# Standard receiver sound problem



## scurryb (Mar 10, 2011)

We just changed our older Sony and Hughes receivers for one HD DVR (HR24-200) and one standard receiver (D12-700 refurbished). The standard receiver is the one we're having a problem with - when we turn the receiver off the sound will not turn off. Has anyone else had a problem like this? Also, we carry the standard receiver with us when we take our RV. Our older Hughes was very easy to get a signal, but in doing a trial run with our RV here at home, we can't get any kind of signal on the Directv receiver. We were told this receiver would work with the dish and LNB we have been using for years. Can't seem to get any help from Directv - just transfer from dept to dept. Any ideas?


----------



## carl6 (Nov 16, 2005)

What type of dish/antenna do you have on the RV? If it is one that needs to talk with the receiver (serial data connection), then you will need a USB to RS232 converter. If you simply have a round dish, then make sure you have the correct dish and LNB type selected in satellite setup on the D12. Make sure that SWM is NOT selected for the RV (and it may well be what you have at home). Switching a receiver back and forth between SWM and Multiswitch can sometimes be tricky (may require an extra reset along the way).

As to the sound, is the receiver feeding the TV directly without external sound equipment? If so, when the receiver and TV shut off, the sound should shut off. If you are using an external sound system, make sure the D12 is actually turning off (and that you are not turning only the TV/monitor off).


----------



## scurryb (Mar 10, 2011)

I think you answered why we couldn't tune the receiver for the RV. We carry a round dish (single line) that connects to cable installed on side of RV. The receiver is programmed for SWM which is the installation type they just put in our house. Could find no way to change this setting on the receiver. There's no instructions of any kind. But if I understand correctly we would have to change this setting each time we wanted to travel with the receiver and then again when we returned home. We're considering reactivating our older Hughes receiver (which was still working fine) rather than go thru all the hassle the Directv receiver is apparently going to cause.

On the sound not turning off - there's no audio equipment on this hookup. The receiver is connected with S-Video and audio cables to a Sony DVR recorder and then to the TV the same way. Have to go thru recorder to access satellite channels as the small TV has only the one connection for composite hookup. Of course the sound stops when the recorder is turned off. It's a quirky thing that we can't understand why when the receiver is turned off the sound still comes thru.

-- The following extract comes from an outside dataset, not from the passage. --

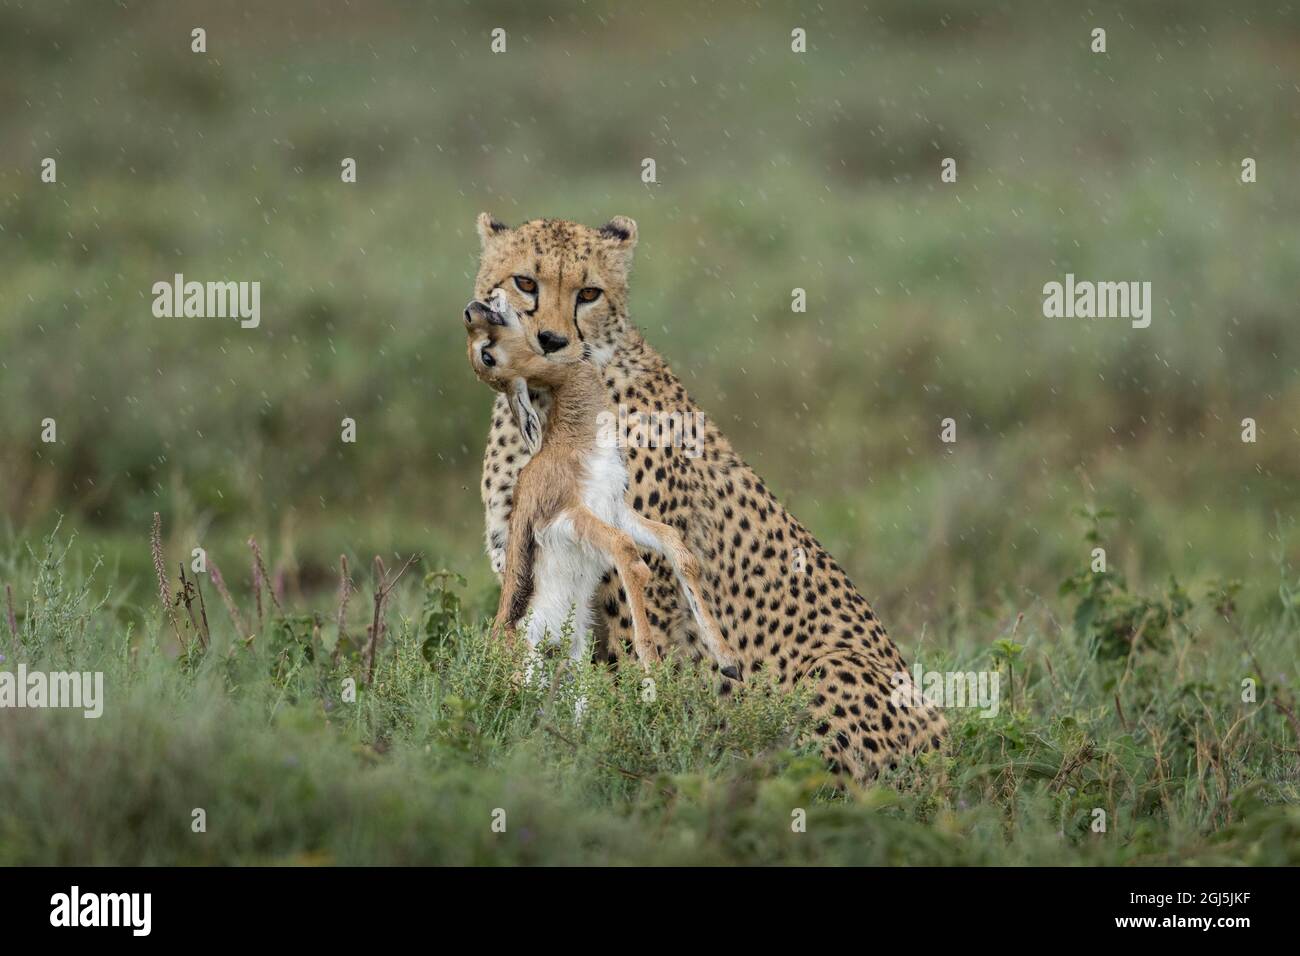 Tanzanie, zone de conservation de Ngorongoro, Cheetah adulte (Acinonyx jubatas) se serre sur la gorge de la Gazelle de Thomson (Eudorcas thomsoniI) veau après su Banque D'Images

Thanks for your time and input.


----------



## texasbrit (Aug 9, 2006)

Yes, you have to go through satellite setup when you connect the receiver to the 18in dish, because the receiver has been connected to an SWM system. First change the switch setting to "multiswitch", then select the 18in dish. But as you say, it might be easier to reactivate an old receiver. Although you might not be able to do that - remember since the receiver won't actually work with SWM, and home has an SWM dish, the DirecTV software probably won't let the receiver be reactivated.


----------



## WestDC (Feb 9, 2008)

scurryb said:


> I think you answered why we couldn't tune the receiver for the RV. We carry a round dish (single line) that connects to cable installed on side of RV. The receiver is programmed for SWM which is the installation type they just put in our house. Could find no way to change this setting on the receiver. There's no instructions of any kind. But if I understand correctly we would have to change this setting each time we wanted to travel with the receiver and then again when we returned home. We're considering reactivating our older Hughes receiver (which was still working fine) rather than go thru all the hassle the Directv receiver is apparently going to cause.
> 
> On the sound not turning off - there's no audio equipment on this hookup. The receiver is connected with S-Video and audio cables to a Sony DVR recorder and then to the TV the same way. Have to go thru recorder to access satellite channels as the small TV has only the one connection for composite hookup. Of course the sound stops when the recorder is turned off. It's a quirky thing that we can't understand why when the receiver is turned off the sound still comes thru.
> 
> Thanks for your time and input.


The sony DVR Has a tuner in it so if by chance it is connected to a Over the air attena? or other audio source? that is most likely where you sound is comming from? Just my guess, because you say it goes away when you turn off the DVR. Maybe the D* receiver is not turning off? when you think it is?


----------



## scurryb (Mar 10, 2011)

Thank you for your reply - it got me to some common sense thinking. I knew there had to be a way to reset the Directv receiver because so many people still only have standard installations. Just couldn't seem to find it. Hooked the receiver up to our RV connections this morning and finally got to where the SWM could be changed. Mostly a matter of following instructions - as you have guessed, I wasn't too adept at. As to reactivating the old receiver, you're probably right - hadn't thought that thru either. At least we won't have to pay for another receiver. Thanks again.


----------



## texasbrit (Aug 9, 2006)

You are very welcome...


----------